Uremia

Question 0

Ways in which the GI system is affected in uremia? (including anything involving eating..)

Answer 0

Decreased appetite.
Altered taste.
Bad breath (uremic fetor).
Esophagitis/motility problems.
GI bleeding.
Diverticular disease and constipation.

Question 1

Simplest definition of uremia?

Answer 1

Symptomatic renal failure.

Question 2

How is anemia caused by uremia characterized? (in MDTI terms, for cell size and color)

Answer 2

Normochromic normocytic anemia.

with hypoproliferative bone marrow and decreased reticulocytes.

Question 3

3 primary drivers of anemia in uremia?

Answer 3

Reduced EPO production.
Shortened RBC lifespan.
Inhibitors of erythropoeisis accumulate.

Question 4

What cells in the kidney actually make EPO?

Answer 4

A population of interstitial fibroblasts (Type I interstitial cells)

Question 5

Several aggravating factors for anemia of uremia?

Answer 5

Fe or B12/folate deficiency.
Blood loss (via GI tract or from dialysis).
HyperPTH.

Question 6

Drawback to EPO or synthetic EPO therapy for anemia of uremia?

Answer 6

There’s increased risk of adverse CV events…

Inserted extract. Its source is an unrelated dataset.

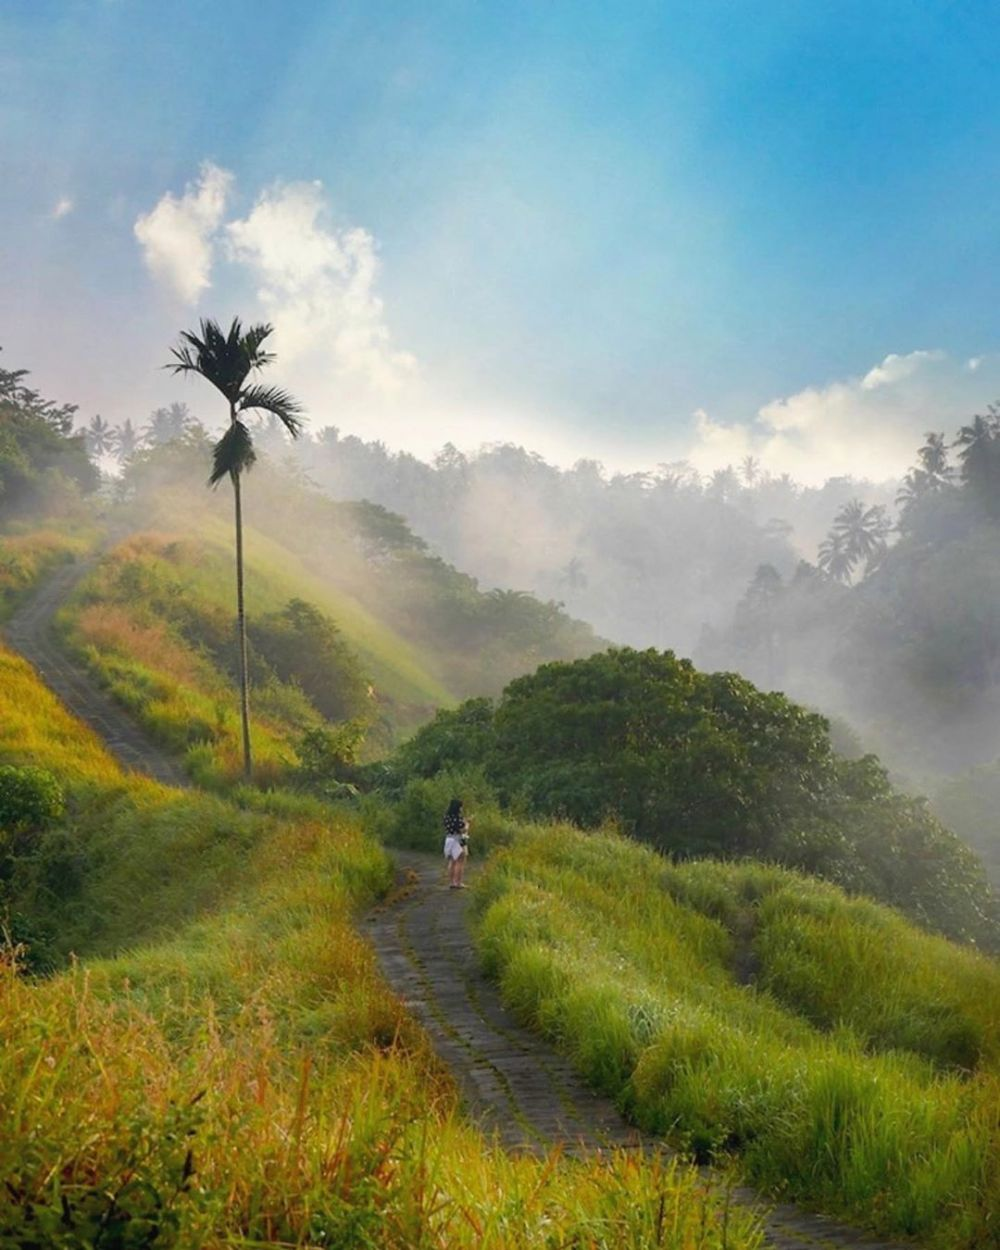 Tempat wisata gratis di Bali © 2019 brilio.net

One should aim for an Hg of 10-11, not 14.

Question 7

Why do patients with uremic syndrome bleed more easily?

Answer 7

Impaired platelet aggregation.

Some toxin appears to be inhibiting IIb/IIIa, but we don’t know what that is

Question 8

Treatment options for uremic syndromes with bleeding?

Answer 8

Treat anemia with EPO.
DDAVP (synthetic AVP aka ADH) -> vWF release.
Cryoprecipitate.
Estrogens.
Dialysis.

Question 9

Unique CVD risk factors that uremic patients have? (they’re not all entirely unique…)

Answer 9

Anemia.
Increased homocysteine.
Thrombogenic state.
Ca++ intake.
HyperPTH.
Persistent inflammatory state.
Toxins.

Question 10

Why are CV events often not aggresively treated in pts with CKD?

Answer 10

People are afraid of drugs / procedures in pts with CKD.

Question 11

What’s the most common lipid abnormality associated with uremia?

Answer 11

High TGs - due to decreased clearance from bloodstream.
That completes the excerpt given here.